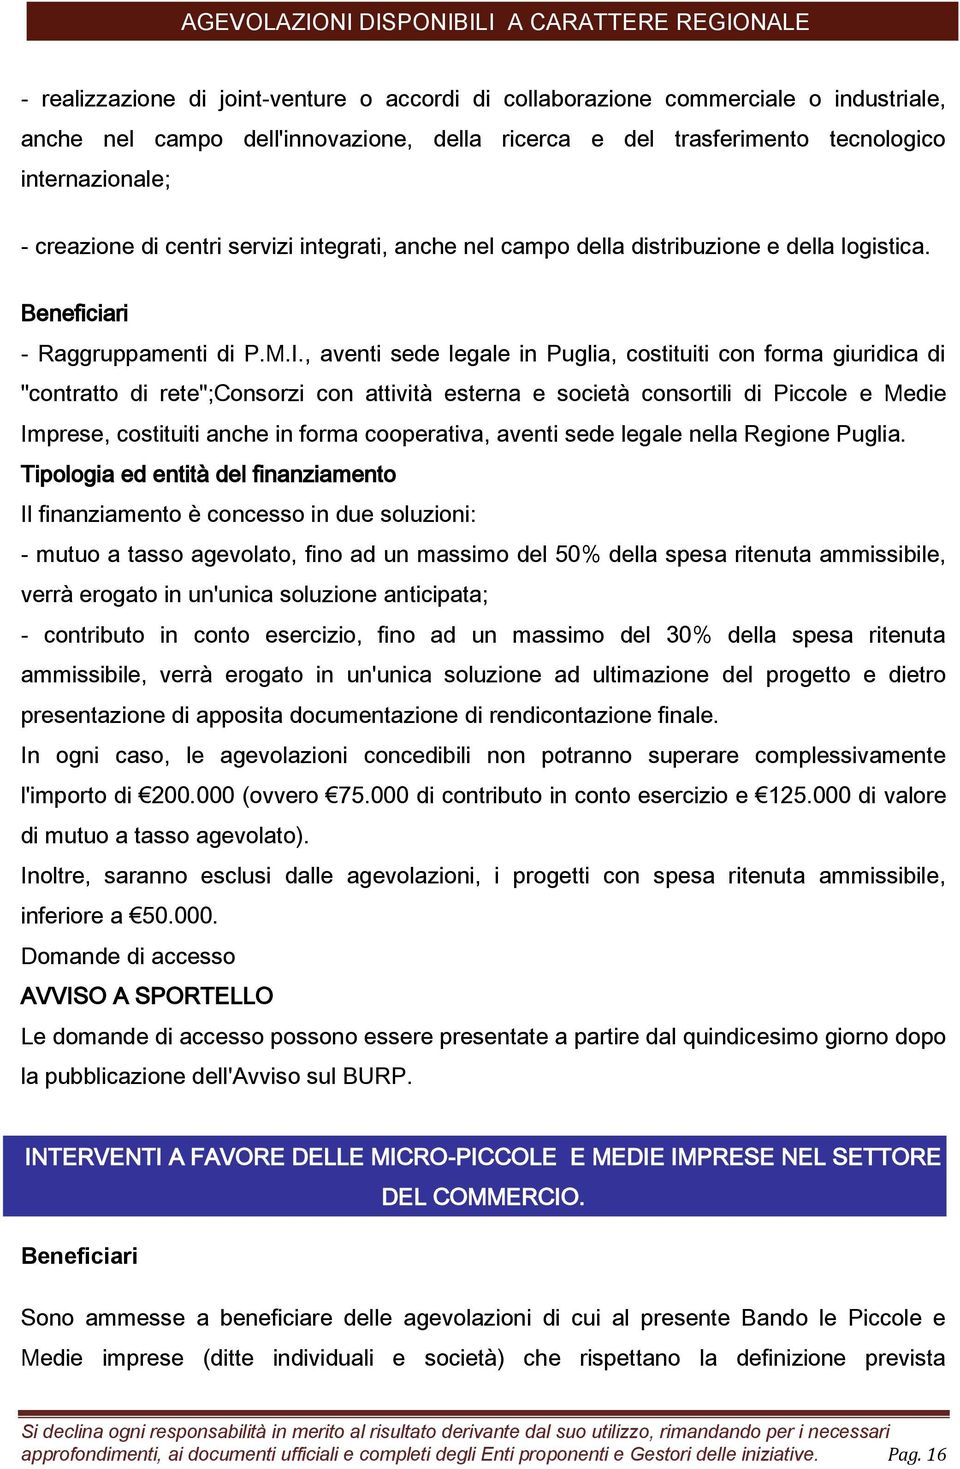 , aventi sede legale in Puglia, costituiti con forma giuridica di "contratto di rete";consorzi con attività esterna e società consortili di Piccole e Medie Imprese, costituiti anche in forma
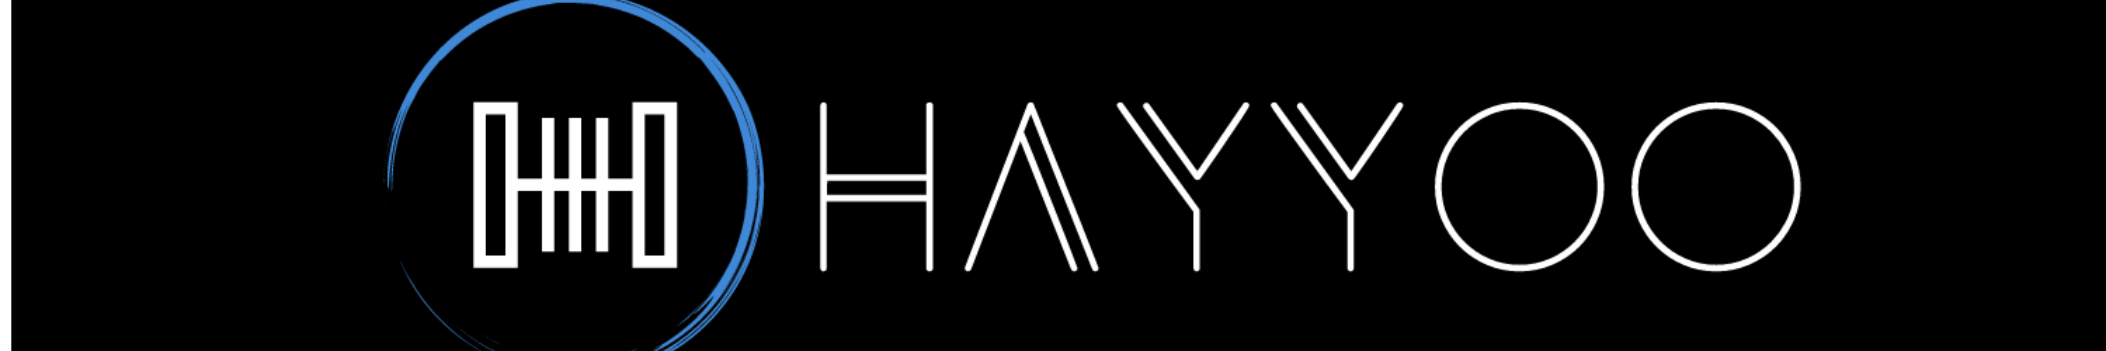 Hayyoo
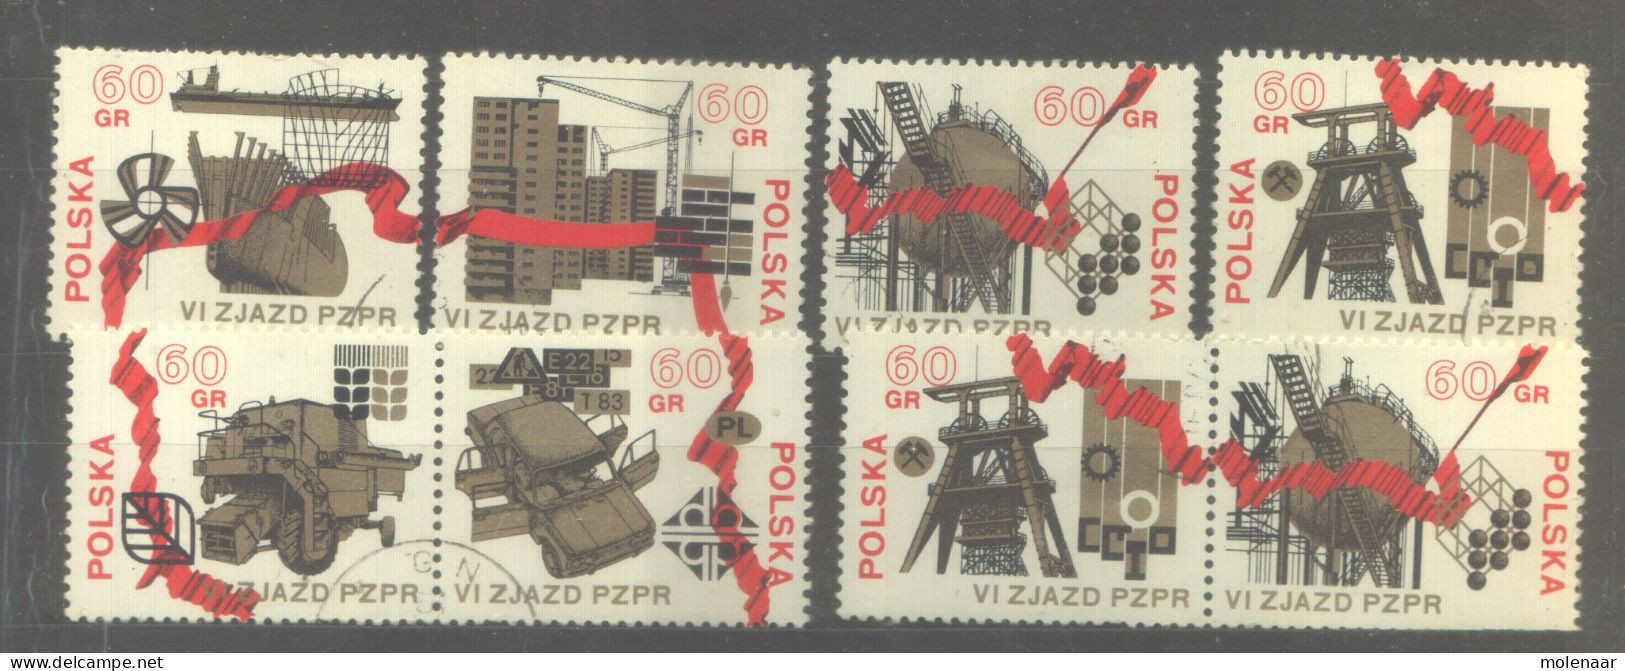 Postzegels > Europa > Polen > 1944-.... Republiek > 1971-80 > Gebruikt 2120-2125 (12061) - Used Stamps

------

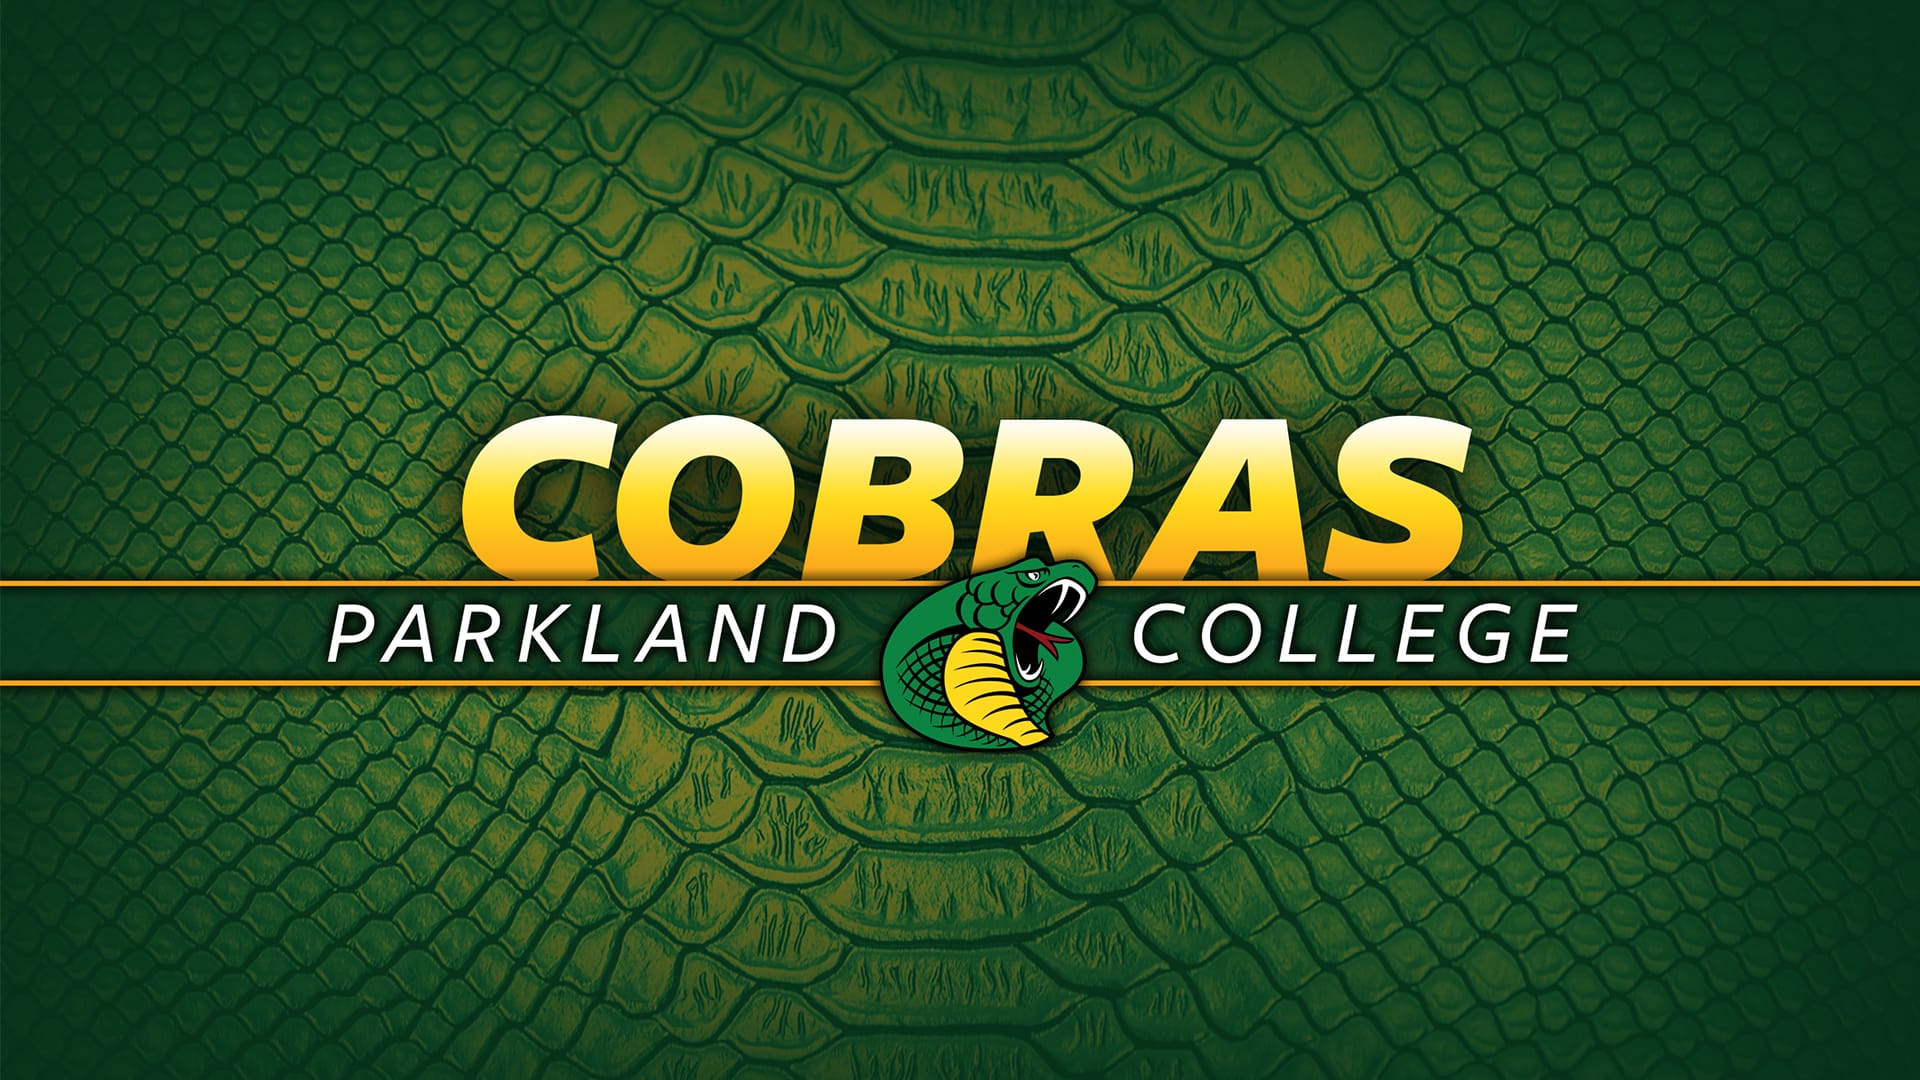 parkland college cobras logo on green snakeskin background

------

## Assignment
Repeat the lines above exactly, beginning with the one containing "anche in forma" and finishing with the one containing "Postzegels > Europa". No pictures belong in the copy.

## Exercise response
 , aventi sede legale in Puglia, costituiti con forma giuridica di "contratto di rete";consorzi con attività esterna e società consortili di Piccole e Medie Imprese, costituiti anche in forma
 Hayyoo
 Postzegels > Europa > Polen > 1944-.... Republiek > 1971-80 > Gebruikt 2120-2125 (12061) - Used Stamps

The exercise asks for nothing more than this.